▸ EXERCISE PROMPT
Based on the listing below, report how many lines contain the word "Image". Nothing but the number, please.
=== Section Start ===
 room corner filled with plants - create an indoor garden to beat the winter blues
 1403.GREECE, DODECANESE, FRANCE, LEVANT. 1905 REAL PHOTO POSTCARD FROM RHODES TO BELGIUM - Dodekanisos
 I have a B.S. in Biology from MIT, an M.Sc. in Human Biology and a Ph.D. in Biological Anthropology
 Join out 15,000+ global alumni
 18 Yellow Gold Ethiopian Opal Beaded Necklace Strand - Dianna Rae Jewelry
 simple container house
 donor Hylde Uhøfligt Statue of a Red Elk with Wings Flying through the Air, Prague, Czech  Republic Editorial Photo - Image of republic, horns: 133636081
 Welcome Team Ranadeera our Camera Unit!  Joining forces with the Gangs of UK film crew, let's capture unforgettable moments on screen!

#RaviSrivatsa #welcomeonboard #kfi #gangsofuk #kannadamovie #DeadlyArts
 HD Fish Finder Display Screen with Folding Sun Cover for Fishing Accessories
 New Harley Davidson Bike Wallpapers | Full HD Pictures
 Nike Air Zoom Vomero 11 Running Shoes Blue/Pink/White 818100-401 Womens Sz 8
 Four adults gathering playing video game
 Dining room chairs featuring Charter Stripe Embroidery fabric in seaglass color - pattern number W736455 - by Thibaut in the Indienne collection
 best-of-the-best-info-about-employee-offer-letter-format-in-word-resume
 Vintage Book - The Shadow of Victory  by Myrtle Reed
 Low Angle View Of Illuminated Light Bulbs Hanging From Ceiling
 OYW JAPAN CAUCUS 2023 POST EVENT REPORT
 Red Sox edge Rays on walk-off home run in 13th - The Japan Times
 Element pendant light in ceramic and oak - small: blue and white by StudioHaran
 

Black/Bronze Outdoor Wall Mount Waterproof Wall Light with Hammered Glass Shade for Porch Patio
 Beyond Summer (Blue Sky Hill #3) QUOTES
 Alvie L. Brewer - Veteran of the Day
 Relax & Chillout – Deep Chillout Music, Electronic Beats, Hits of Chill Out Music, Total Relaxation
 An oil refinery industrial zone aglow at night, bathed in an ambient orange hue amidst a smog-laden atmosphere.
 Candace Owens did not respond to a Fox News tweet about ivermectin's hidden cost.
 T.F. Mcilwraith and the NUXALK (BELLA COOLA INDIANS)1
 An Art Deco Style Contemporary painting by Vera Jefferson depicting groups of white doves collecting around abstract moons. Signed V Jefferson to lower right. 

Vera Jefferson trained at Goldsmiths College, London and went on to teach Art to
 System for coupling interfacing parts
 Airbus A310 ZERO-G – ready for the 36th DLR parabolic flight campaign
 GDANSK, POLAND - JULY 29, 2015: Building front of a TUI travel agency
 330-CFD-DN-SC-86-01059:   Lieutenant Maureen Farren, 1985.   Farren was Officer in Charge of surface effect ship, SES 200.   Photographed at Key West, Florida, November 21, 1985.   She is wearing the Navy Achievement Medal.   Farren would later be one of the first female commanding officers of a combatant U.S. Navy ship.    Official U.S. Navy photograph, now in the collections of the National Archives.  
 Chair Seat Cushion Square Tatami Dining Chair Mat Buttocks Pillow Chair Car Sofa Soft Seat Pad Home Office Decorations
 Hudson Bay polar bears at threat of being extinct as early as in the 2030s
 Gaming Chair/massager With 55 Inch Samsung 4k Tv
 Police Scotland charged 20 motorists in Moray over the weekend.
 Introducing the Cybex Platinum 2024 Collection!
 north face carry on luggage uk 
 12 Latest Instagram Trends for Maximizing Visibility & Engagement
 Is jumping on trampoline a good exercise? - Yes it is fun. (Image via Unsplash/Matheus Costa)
=== Section End ===
▸ RESPONSE
2